= Aim of the exercise =
These records contain pictures, which must be left out; copy exactly the lines from the one with "Great Buddah of" up to and including the one with "Buildings in Long".

= Extracted information =
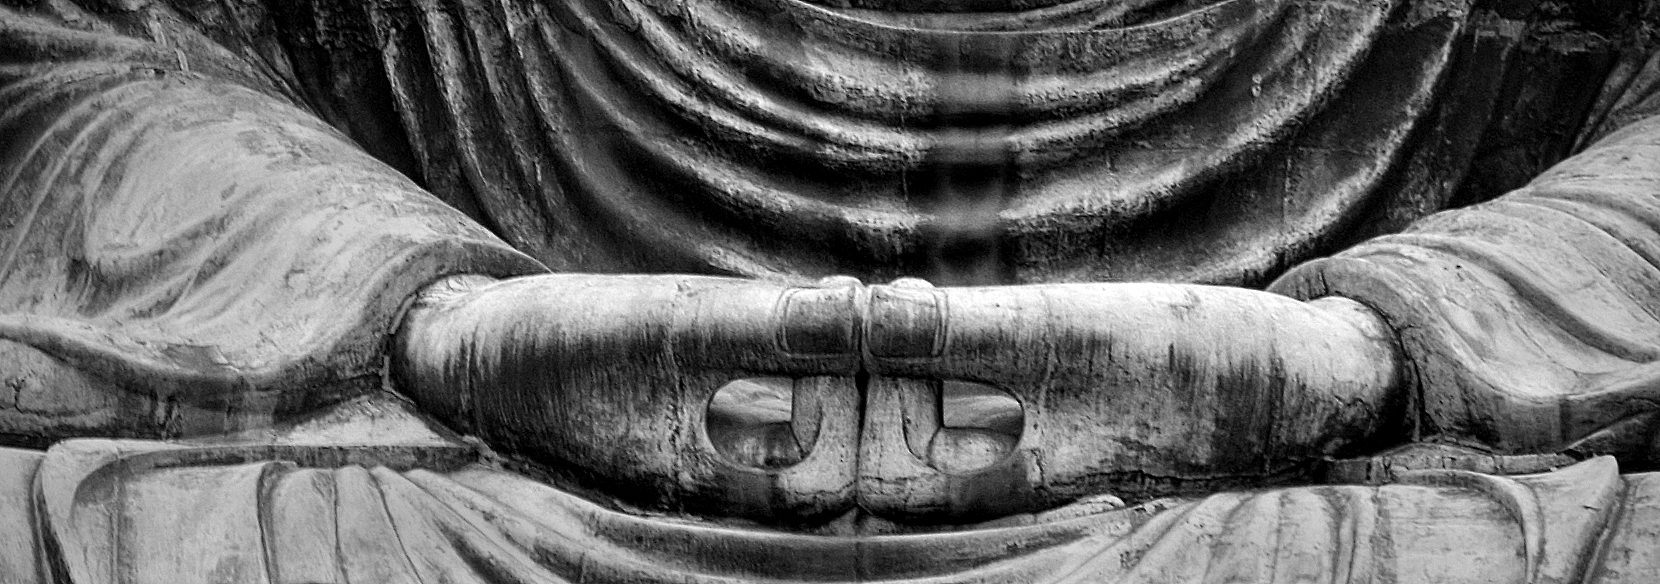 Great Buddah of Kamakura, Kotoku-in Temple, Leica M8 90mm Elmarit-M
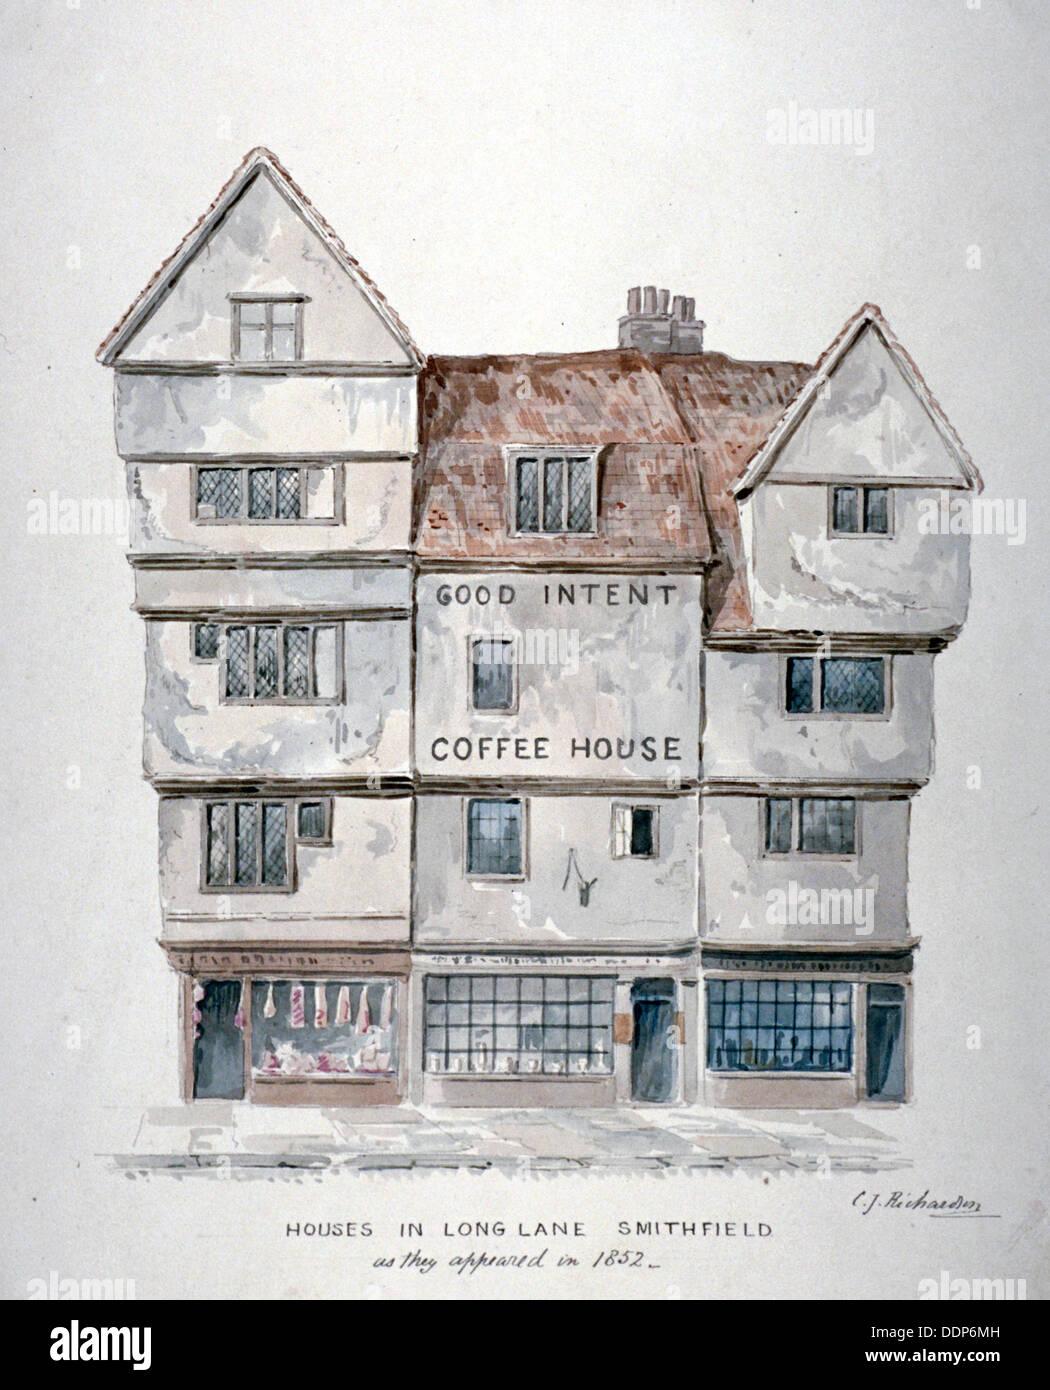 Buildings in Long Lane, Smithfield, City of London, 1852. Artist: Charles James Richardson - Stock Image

...

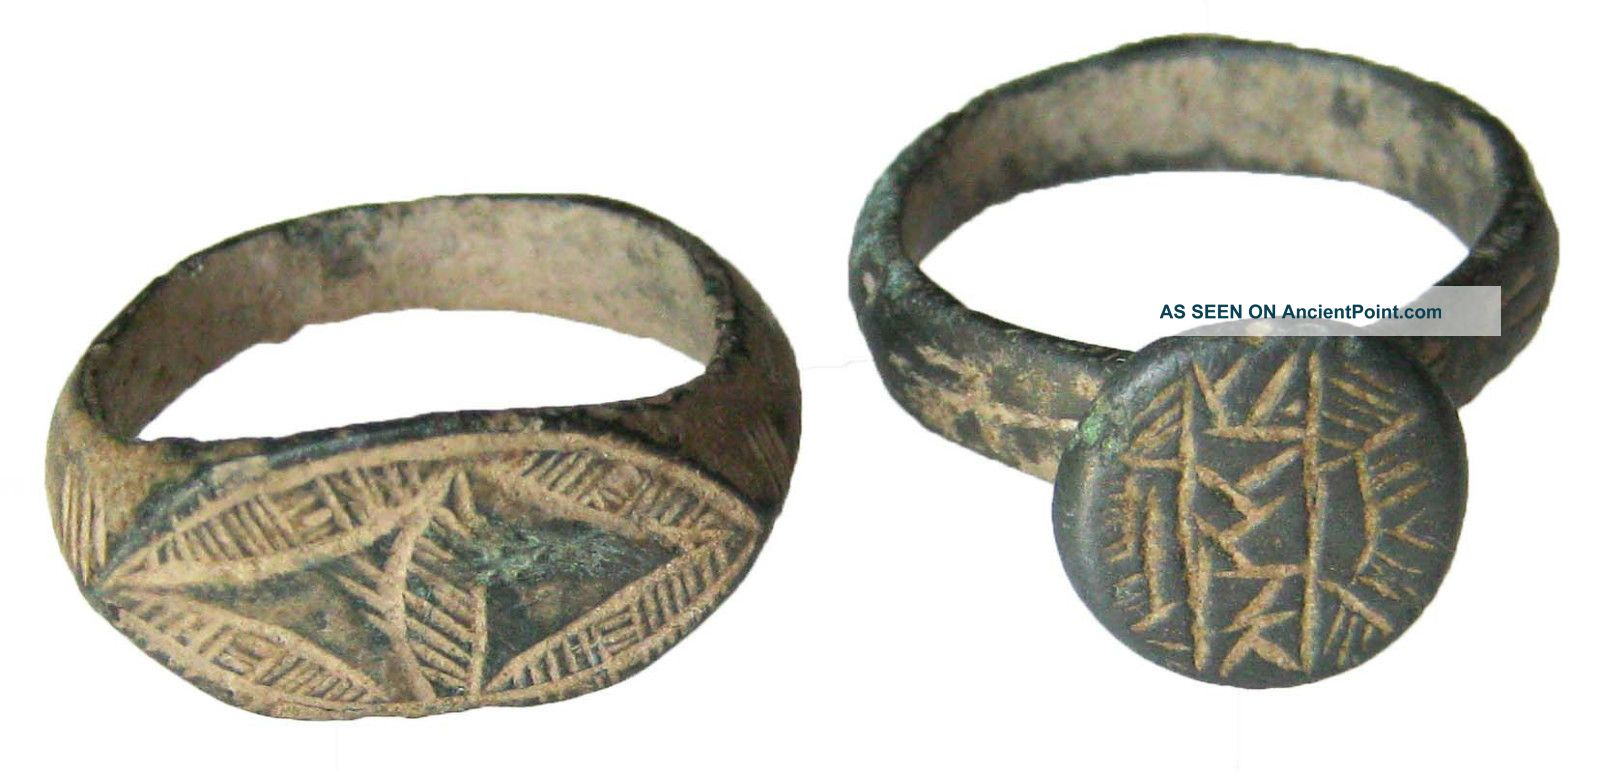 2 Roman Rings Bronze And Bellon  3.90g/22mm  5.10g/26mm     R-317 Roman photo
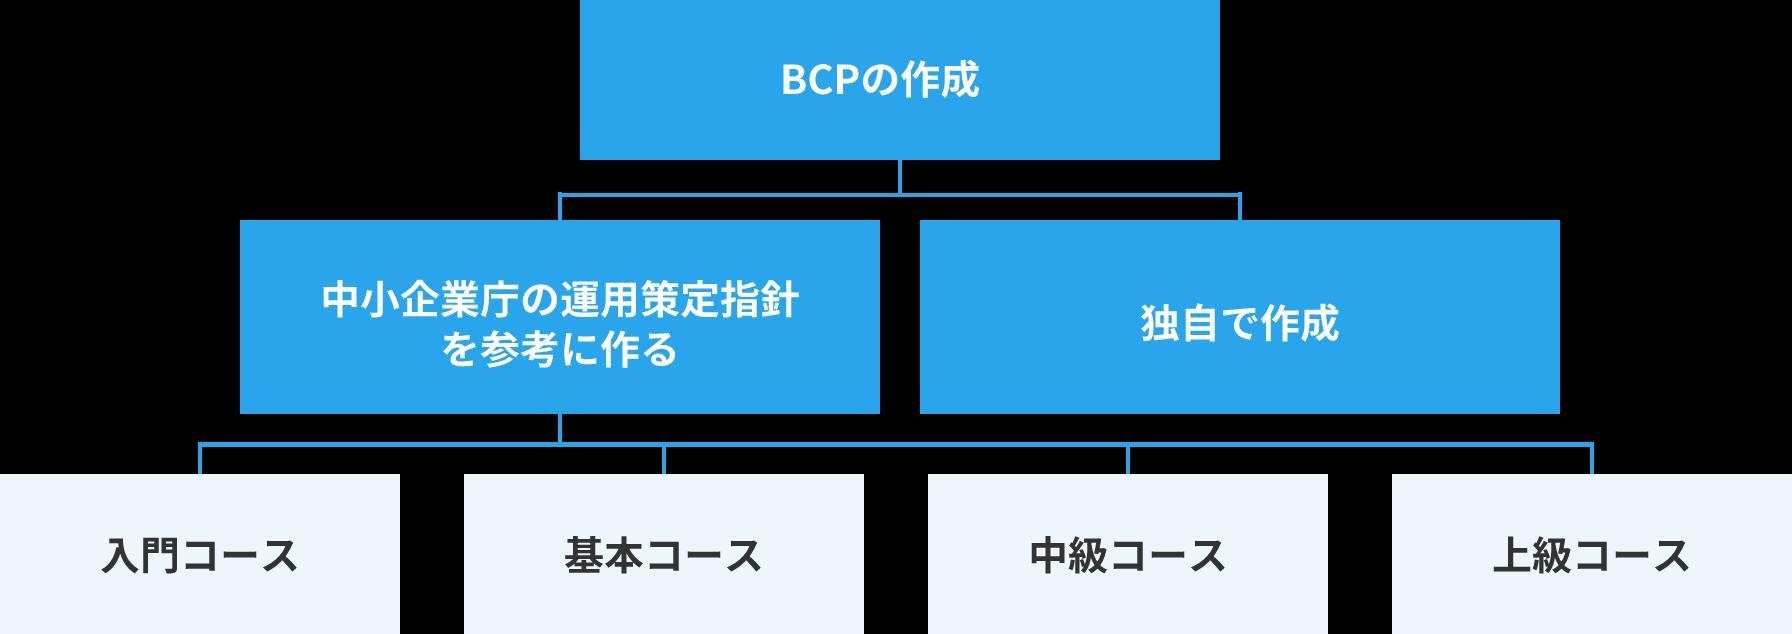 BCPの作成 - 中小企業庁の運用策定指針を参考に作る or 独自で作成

...

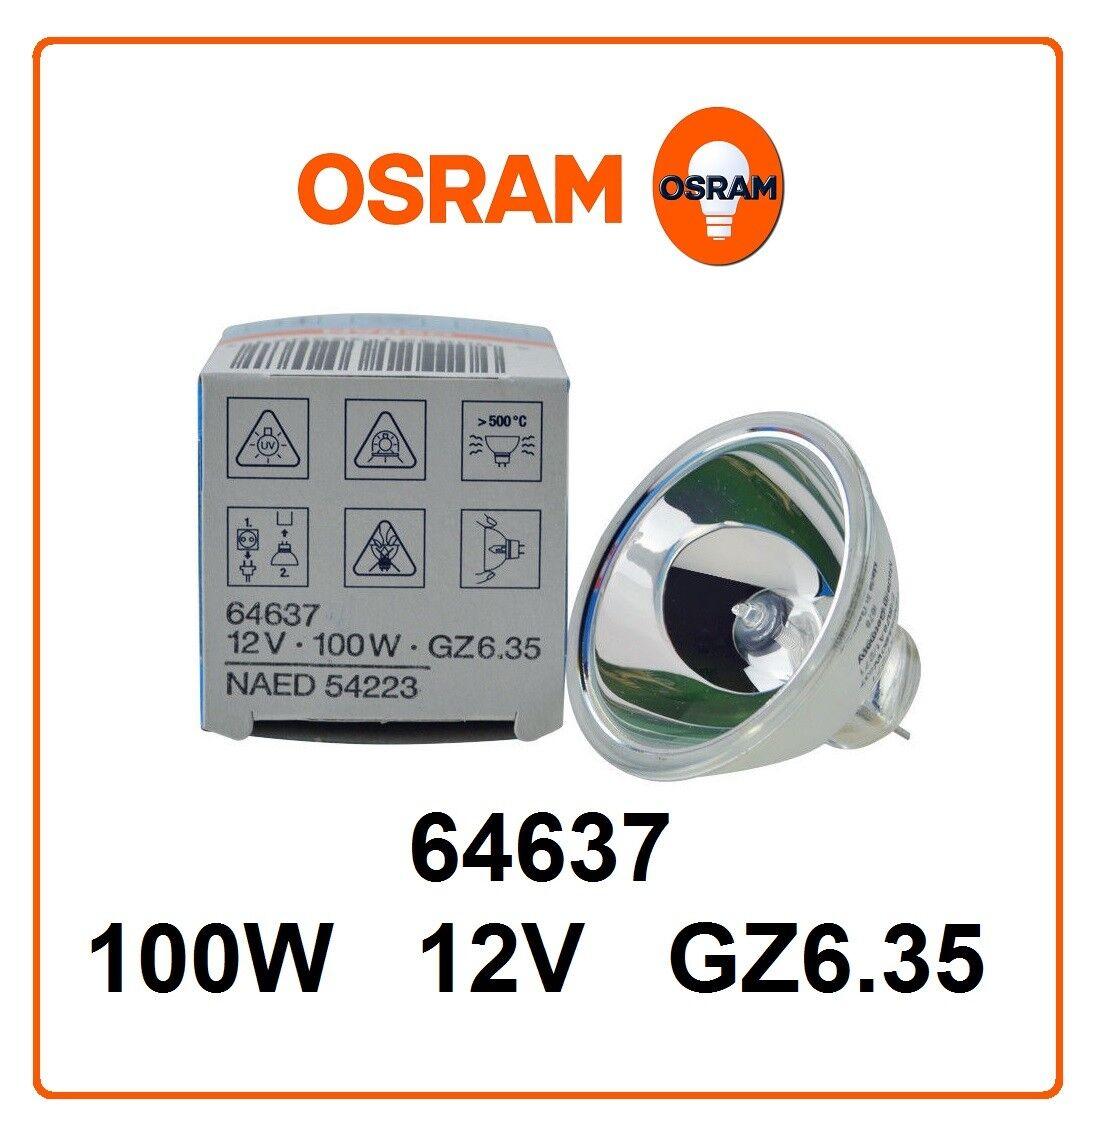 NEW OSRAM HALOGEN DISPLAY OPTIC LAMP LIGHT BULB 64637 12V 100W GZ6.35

= Output of the exercise =
 Great Buddah of Kamakura, Kotoku-in Temple, Leica M8 90mm Elmarit-M
 Buildings in Long Lane, Smithfield, City of London, 1852. Artist: Charles James Richardson - Stock Image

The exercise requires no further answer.